Index No. 801703/24|Appeal No. 4791|Case No. 2024-02059|
v
The City of New York, et al., Respondents-Respondents.
Kenneth J. Gorman, New York, for appellant.
Ropers Majeski, PC, New York (Henry L. Liao of counsel), for New York City Transit Authority, Manhattan and Bronx Surface Transit Operating Authority and Metropolitan Transportation Authority, respondents.
Muriel Goode-Trufant, Corporation Counsel, New York (Hannah J. Sarokin of counsel), for City of New York, respondent.
Order, Supreme Court, Bronx County (Mitchell J. Danziger, J.), entered on or about March 14, 2024, which denied petitioner's motion for leave to file and serve a late notice of claim, unanimously affirmed, without costs.
In this personal injury action, Supreme Court providently exercised its discretion in denying petitioner's motion because petitioner failed to establish any of the relevant statutory factors that would warrant leave to serve a late notice of claim (see Matter of Sproule v New York Convention Ctr. Operating Corp., 180 AD3d 496, 497 [1st Dept 2020]). Petitioner's excuse for the 35-day delay is that he was ignorant of the statutory requirement and relied on his prior law firm to protect his legal rights; however, ignorance of the law is not a reasonable excuse (see Matter of Yan Ping Xu v New York City Dept. of Health & Mental Hygiene, 121 AD3d 559, 561 [1st Dept 2014], lv denied 27 NY3d 902 [2016], cert denied 580 US 1052 [2017]). Moreover, petitioner's excuse that his prior law firm failed to act is unavailing (see Matter of Salazar v Metropolitan Transp. Auth., 219 AD3d 1237, 1238 [1st Dept 2023]). Although the failure to proffer a reasonable excuse is not alone fatal to a motion for leave to serve a late notice, an excuse of law office failure is not a reasonable excuse for failing to timely serve a notice of claim (see Colarossi v City of New York, 118 AD3d 612, 612 [1st Dept 2014]).
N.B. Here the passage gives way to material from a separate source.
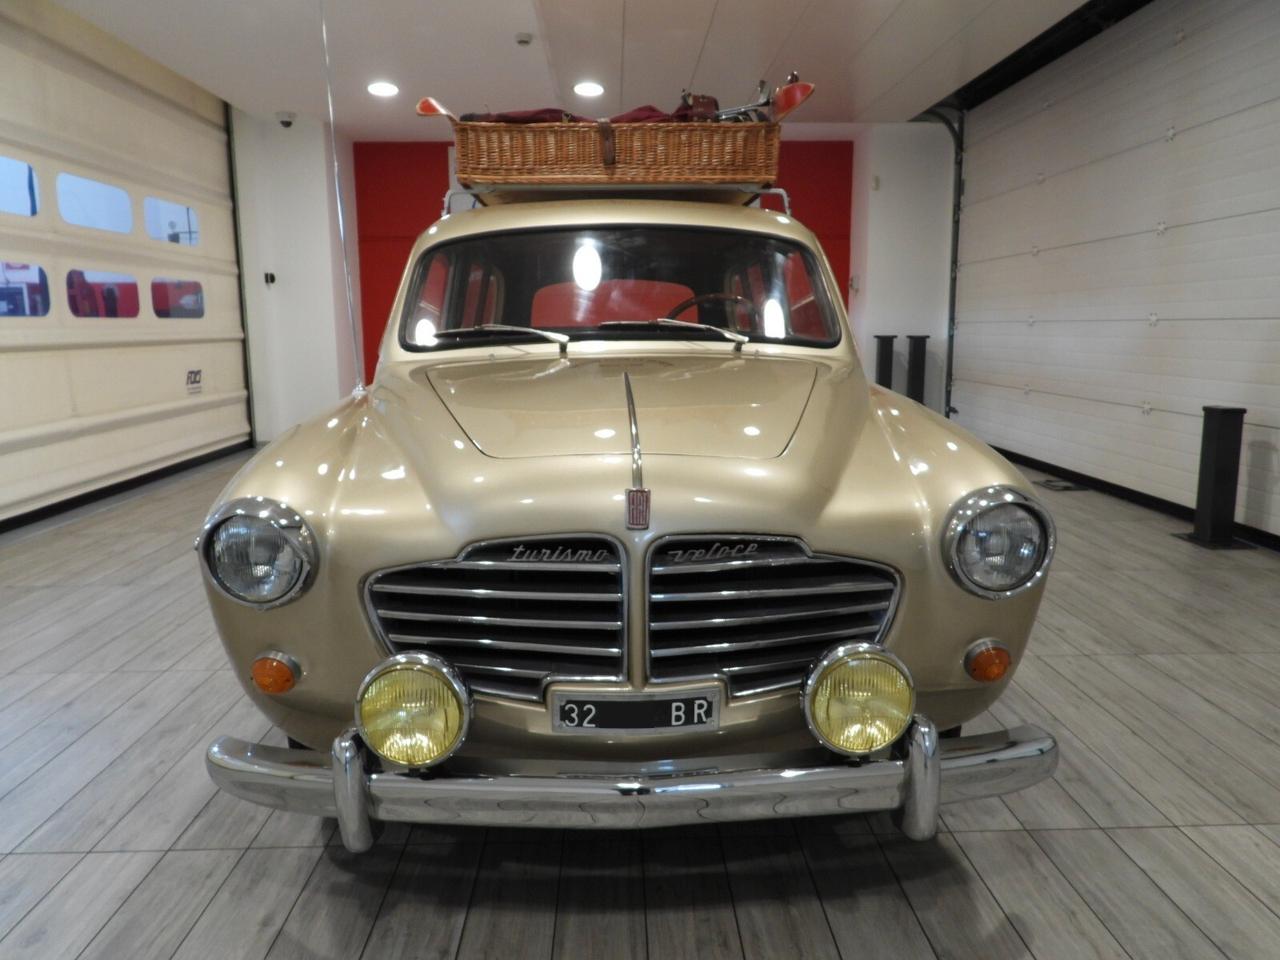 FIAT 1100 103 TV (TURISMO VELOCE) GIARDINETTA VIOTTI CAMBIO AL VOLANTE ”COUNTRY CLUB ST. MORITZ SINCE 1956” (1954)

Petitioner also failed to demonstrate that respondents had actual knowledge of the essential facts of his claim within 90 days of the accident or a reasonable time thereafter, and the proposed notice of claim was insufficiently particular to permit respondents to investigate petitioner's claim. Specifically, the proposed notice of claim was vague regarding the location of the accident, did not state a time of day, did not identify the specific scissor lift on which petitioner was working, or detail the relationship between petitioner and his employer and each respondent. The proposed notice of claim also did not provide information as to whether a defective condition of the lift was a factor in the accident, and if so, the nature of that condition (see O'Brien v City of Syracuse, 54 NY2d 353, 358 [1981]). The photographs attached to the proposed notice of claim did not fill in the necessary information in that they did not identify the precise accident location or the specific scissor lift that was involved.
Additionally, petitioner failed to show that respondents were not prejudiced by the delay because the vagueness of the proposed notice of claim impeded respondents' ability to locate witnesses and identify and examine the equipment (see Loomis v Civetta Corinno Constr. Corp., 54 NY2d 18, 23 [1981]). Because of petitioner's initial failure to show a lack of prejudice, the burden never shifted to respondents (see Nossogona C. v New York City Health & Hosps. Corp., 213 AD3d 407, 408 [1st Dept 2023]).
We have considered petitioner's remaining arguments and find them unavailing.
THIS CONSTITUTES THE DECISION AND ORDER OF THE SUPREME COURT, APPELLATE DIVISION, FIRST DEPARTMENT.